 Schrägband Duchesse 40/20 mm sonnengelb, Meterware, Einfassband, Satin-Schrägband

==

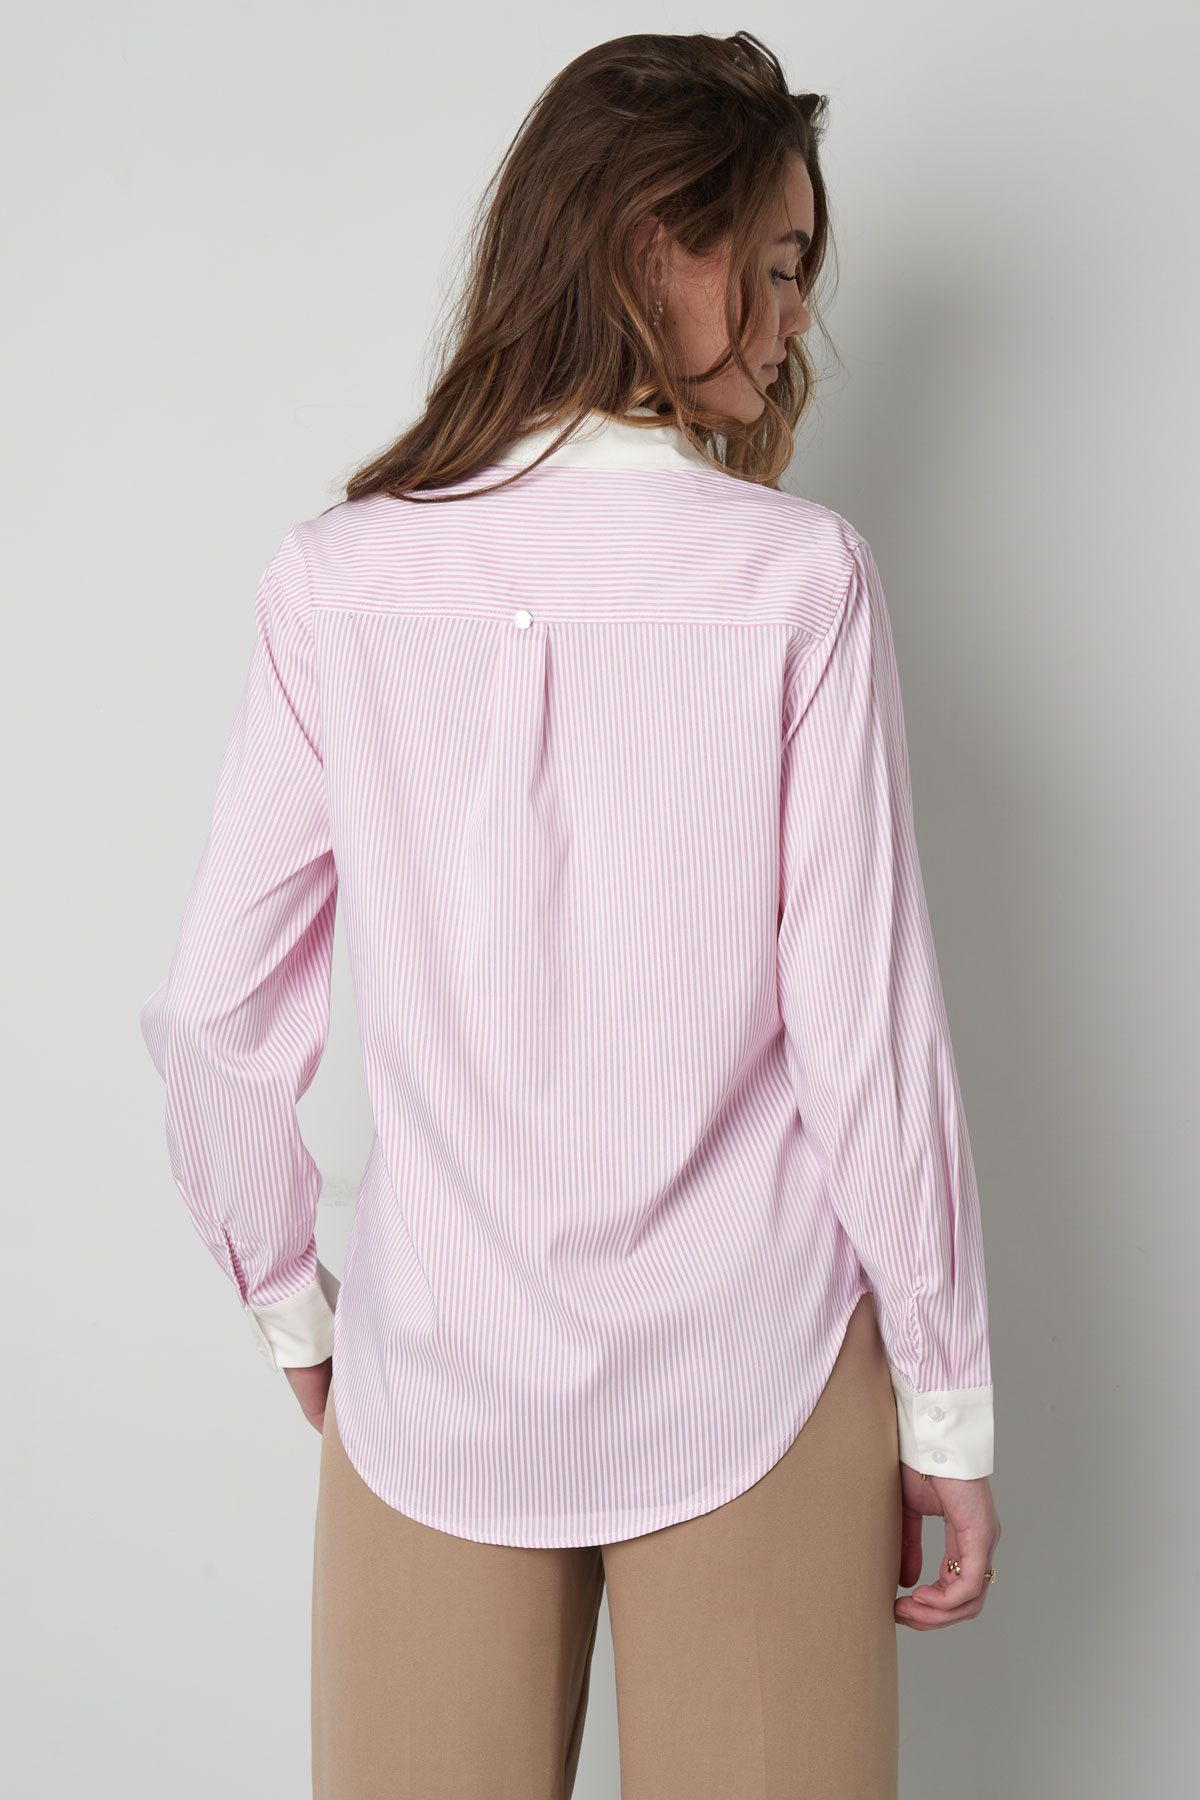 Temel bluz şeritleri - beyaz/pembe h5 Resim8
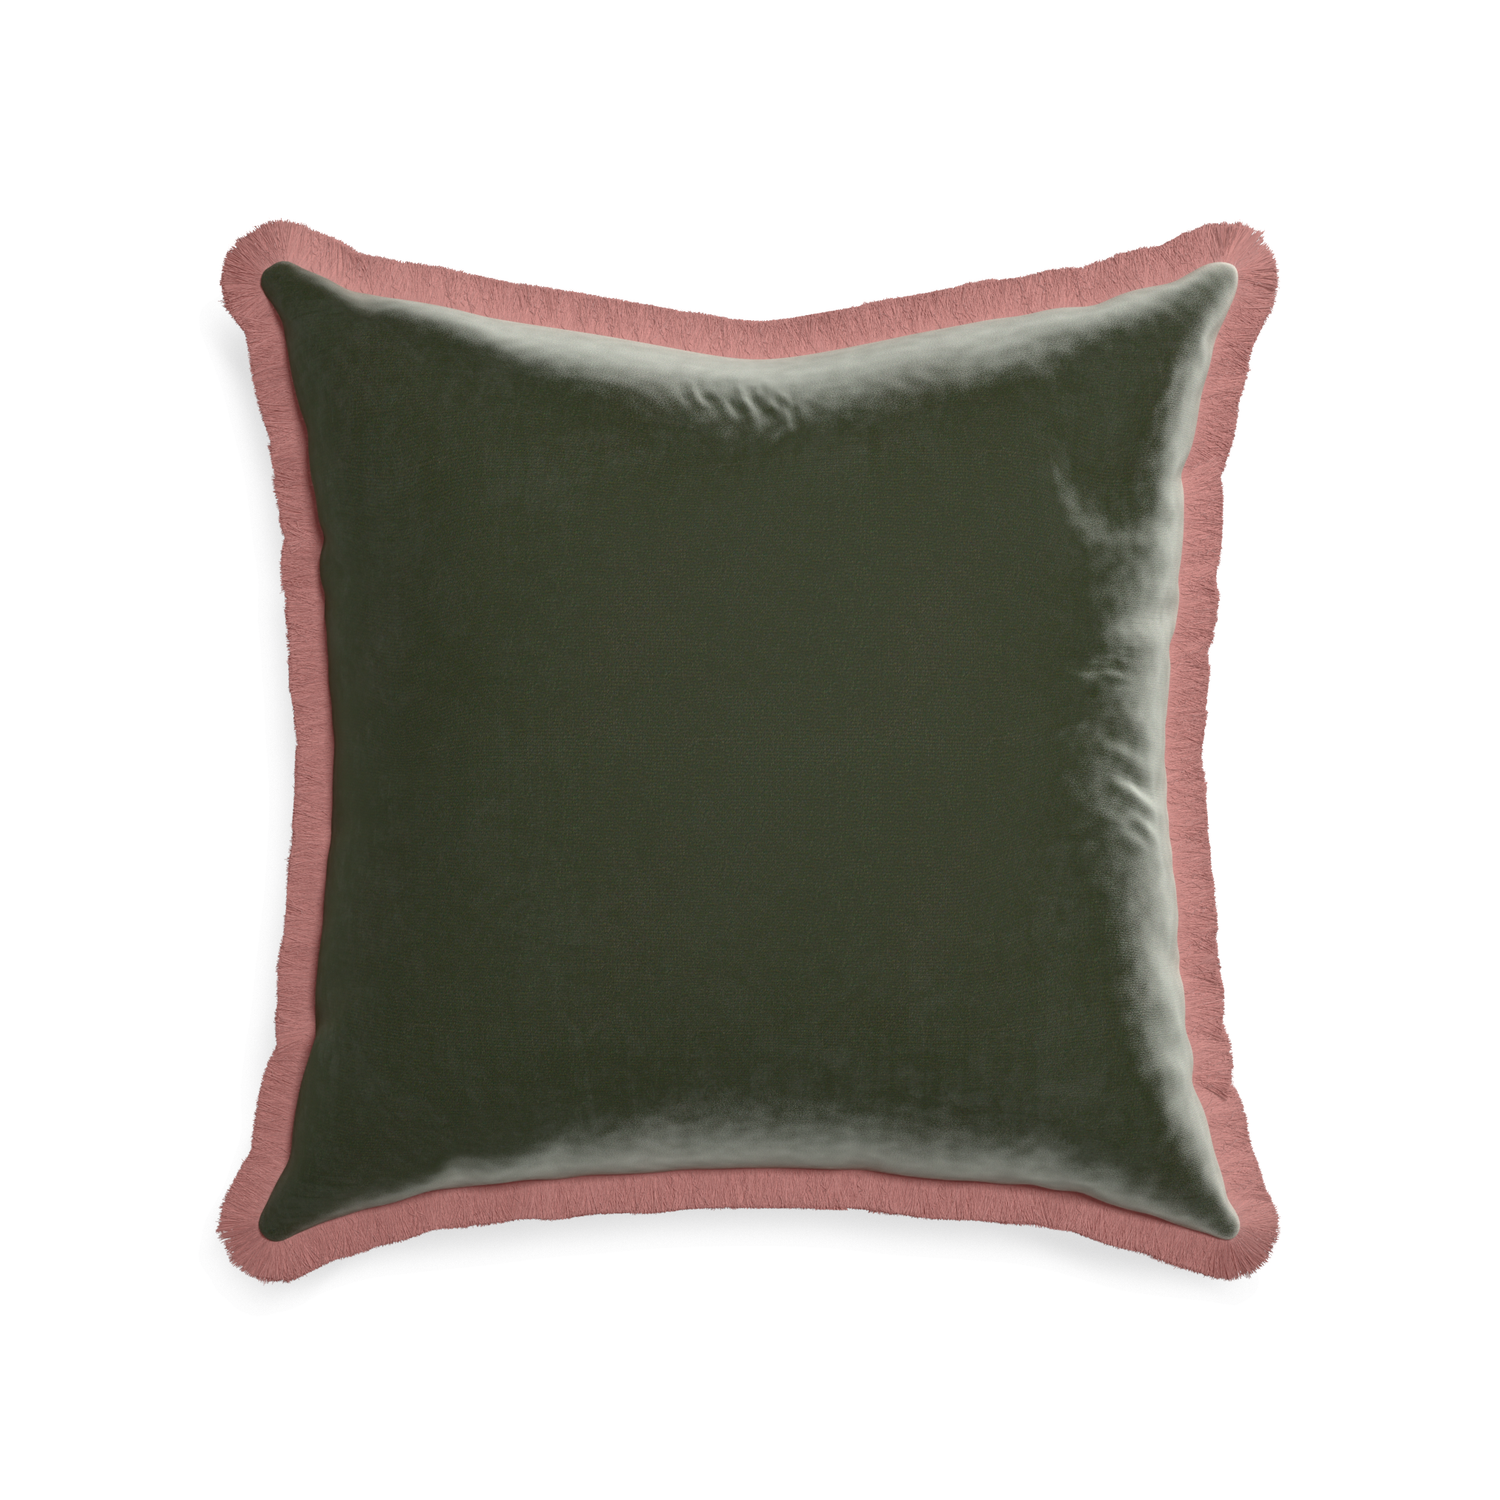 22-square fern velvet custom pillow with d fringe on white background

§ Exercise prompt: Although the records hold pictures, the copy must not; give again exactly the lines from the one with "Temel bluz şeritleri - beyaz/pembe h5 Resim8" through the one with "22-square fern velvet".

§ Result for this exercise:
 Temel bluz şeritleri - beyaz/pembe h5 Resim8
 22-square fern velvet custom pillow with d fringe on white background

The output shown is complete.